2. Consider evaluating larynx with indirect mirror examination or flexible fiber optic laryngoscope before discharge.

B. Begin oral feedings when alert.

If dysphagia with aspiration was an important component of the symptoms preoperatively, consider evaluating with a “cookie swallow” (OPMS) before feeding.

C. Continue oral antibiotics for 5 to 7 days.

D. Voice rest

1. Absolute for 48 hours

2. Relative for 2 weeks: employ arm’s length rule wherein the patient does not addess a person unless they are within arm’s length.

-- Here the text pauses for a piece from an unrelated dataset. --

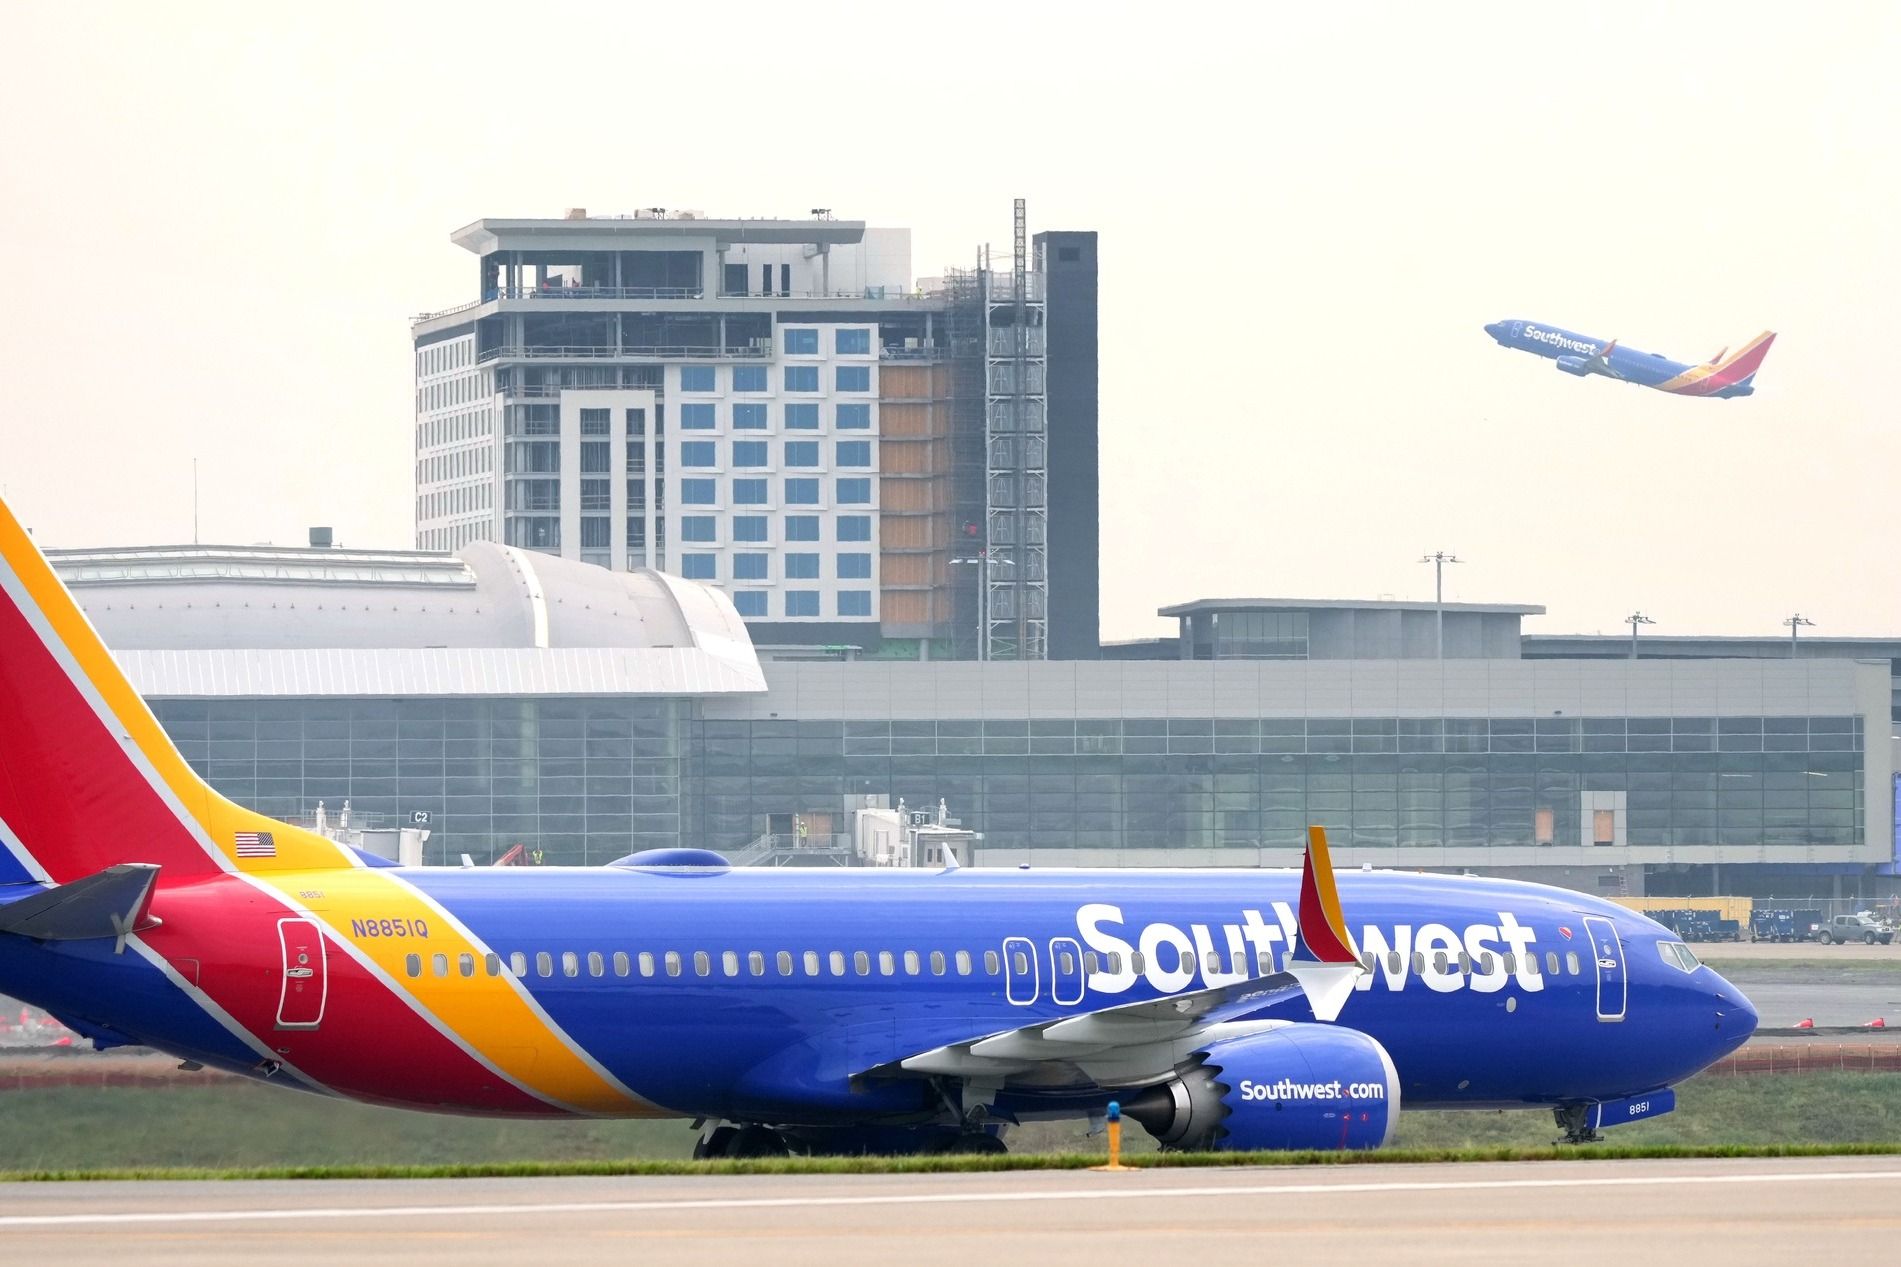 Southwest Airlines Boeing 737 MAX 8 at Nashville International Airport.
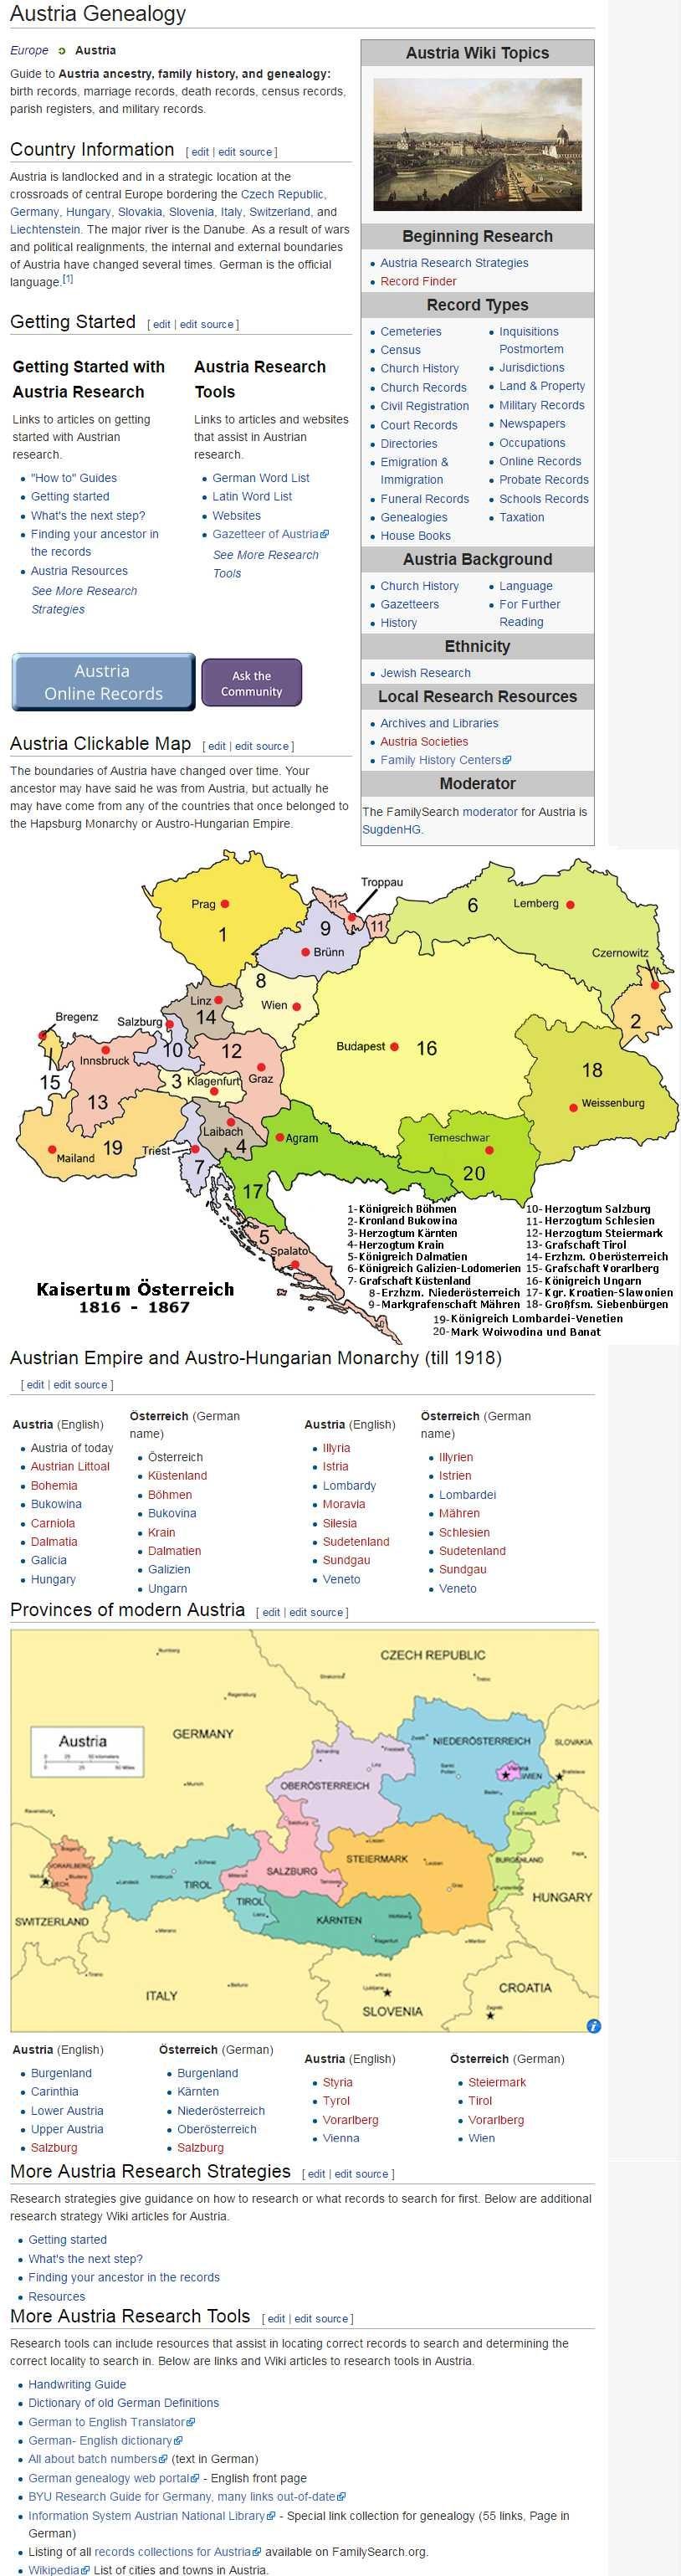 Browse by Country: (Continued) Return to the Wiki home page and click on Europe on the map. Find Austria on the map and click on it or use the list of countries under Central Europe and click Austria.

E. Follow-up individualized based on symptoms

1. If dysphagia is a significant component, consider “cookie swallow” postoperative day 1.

2. If voice is only concern, then follow up in 2 weeks; with videostroboscopic exam 6 weeks postoperatively.

VII. CPT CODING

A. 31570, Laryngoscopy, direct, with injection into vocal cord(s), therapeutic

B. 31570, Laryngoscopy, direct, with injection into vocal cord(s), with operating microscope

VIII. SUGGESTED READING

A. Hoffman HT, Winters P, Sullivan MS. Gelfoam injection for vocal cord paralysis prior to radiation therapy. Ear Nose Throat J. 1991;70:385-386.

B. Lewy RB.Teflon injection: pointers and pitfalls. Ann Otol Rhinol Laryngol. 1993;102:282-283.

C. Montgomery WW. Laryngeal paralysis: Teflon injection. Ann Otol. 1979;8:647-657.

D. Olsen GT, Moreano EH, Arcuri MR, Hoffman HT. Dental protection during rigid endoscopy. Laryngoscope. 1995;105:662-663.

E. Schramm VL, Lavorato AS.: Gelfoam paste injection for vocal cord paralysis: temporary rehabilitation of glottic incompetence. Laryngoscope. 1978;88.1268-1273.